Peak addition and subtraction in the resulting pattern of downstream gene products from hierarchic gene networks.

The most upper row shows an idealized pattern of a gene product i with several concentration peaks. The middle row that of another gene product, j, with several concentration peaks. In (A) both gene products positively regulate the same gene product, k. As a result gene product k has concentration peaks either i or j have them.
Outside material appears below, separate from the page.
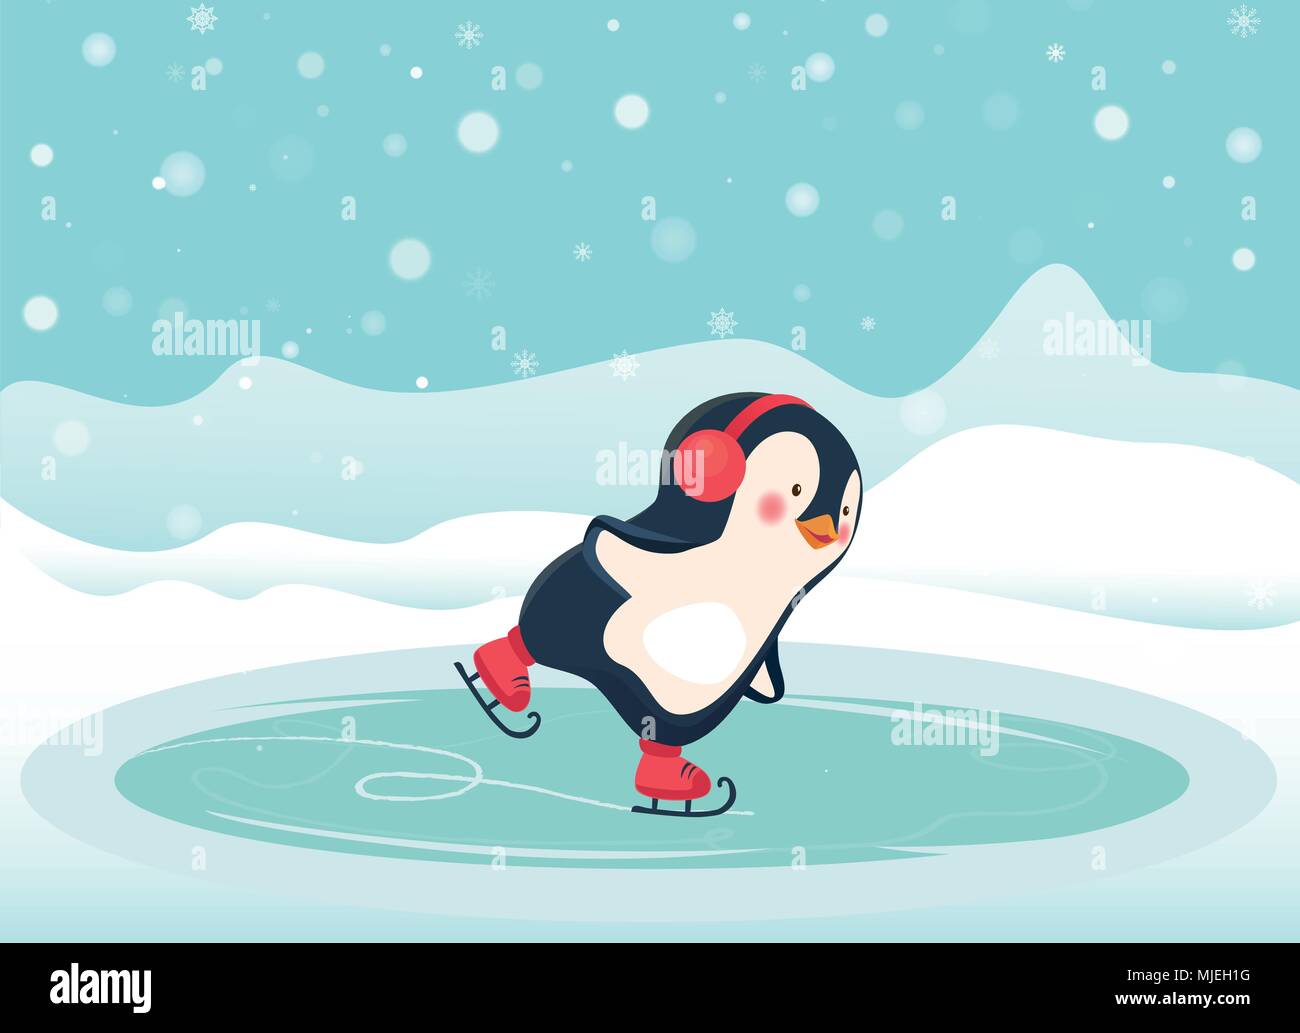 penguin skater cartoon Stock Vector

In (B), instead, j inhibits k while i activates it. (C) shows an example network in which the pattern of two gene products, 4 and 5, are effectively added into that of gene product 6. (D) shows and example gene network in which the patterns of gene products 4 is effectively subtracted from that of gene product 5 to give rise to the pattern of gene product 6. Simulations were run using a Forward-Euler algorithm on the Maini-Miura model for f (see S6 in SI for parameter values).
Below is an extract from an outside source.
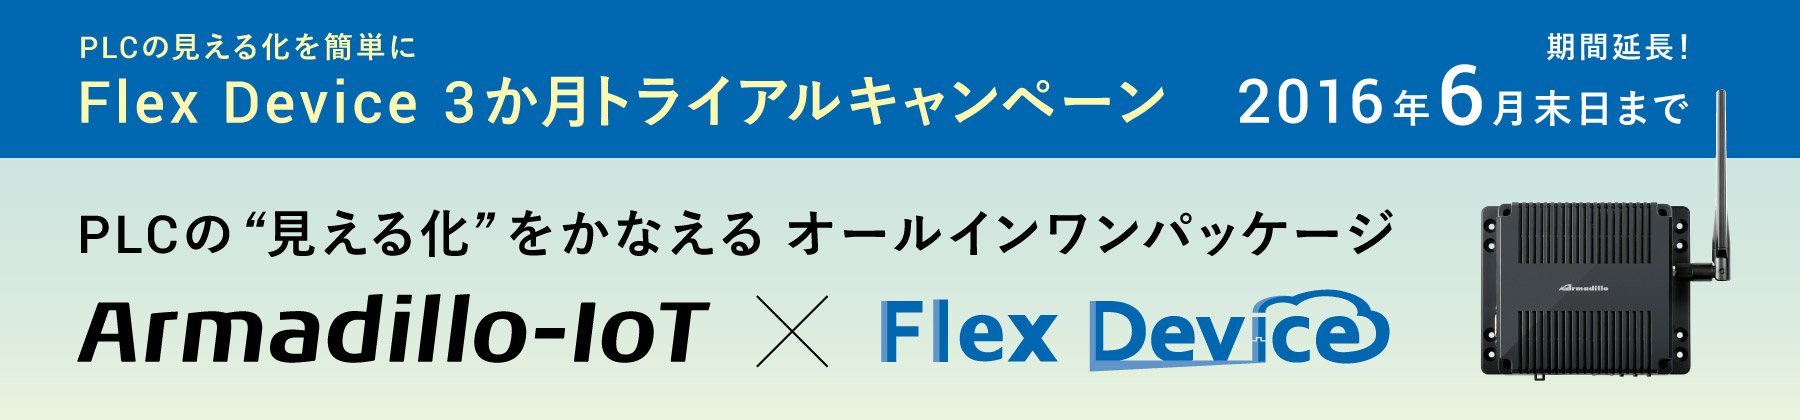 201603_flexdevice-01_1.jpg

Variational properties of the diamond H network.

(A) Diamond H network (see S4 in SI). Network colors and shapes as in Figures 2 and 4. (B) Initial pattern in gene product 1. (C-D) The resulting patterns consist in two symmetric peaks around the initial spike. The height (C) and position (D) of such peaks can be independently modified by tuning the model parameters. Peak height can be varied by changing a single parameter, that is the activation of gene product 5 by gene product 4 (i.e. J54). To change the position of the peak while peaking its height constant (D) two parameters need to be changed at the same time, the diffusion coefficient of extracellular signal and the activation of gene product 5 by gene product 4. Just changing the diffusion coefficient the position of the peaks will vary but so will their height. Simulations were run using a Forward-Euler algorithm on the Maini-Miura model for f (see S6 in SI for parameter values).

The combinations of hierarchical, over-Turing and Turing networks are and their resulting patterns.
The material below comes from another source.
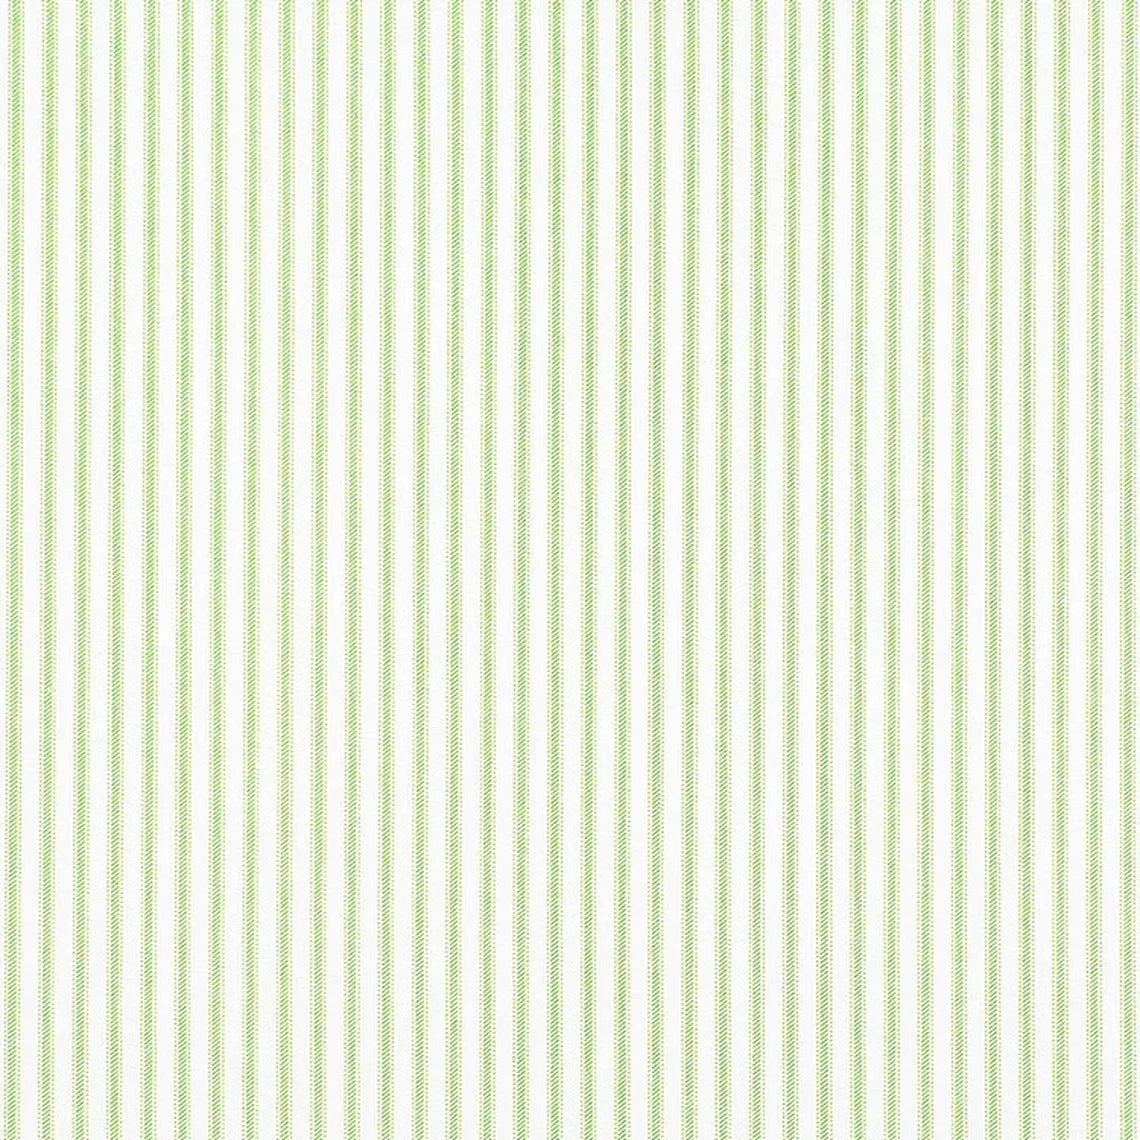 gathered bedskirt in classic kiwi green ticking stripe on white

The first row depicts simple examples of each class of gene network topology acting as the upstream subnetwork of the combination in series. The first column shows simple examples of each the same gene network topologies acting as the downstream subnetwork of an in series combination. Intermediate panels show each type of possible resulting pattern arising from a spike-homogeneous initial pattern from each combination. Note that all pattern transformations are non-trivial. Network colors and shapes as in Figure 2. Dashed arrows represent the different, and strictly non-linear, regulations in the H0 networks. P stands for the gene product plotted as resulting pattern while I stands for the gene product in the initial pattern. Simulations were run using a Forward-Euler algorithm on the Maini-Miura model for f (see S6 in SI for parameter values).

Variational properties of the gene network topologies capable of pattern transformation.

Network colors and shapes as in Figures 2 and 4.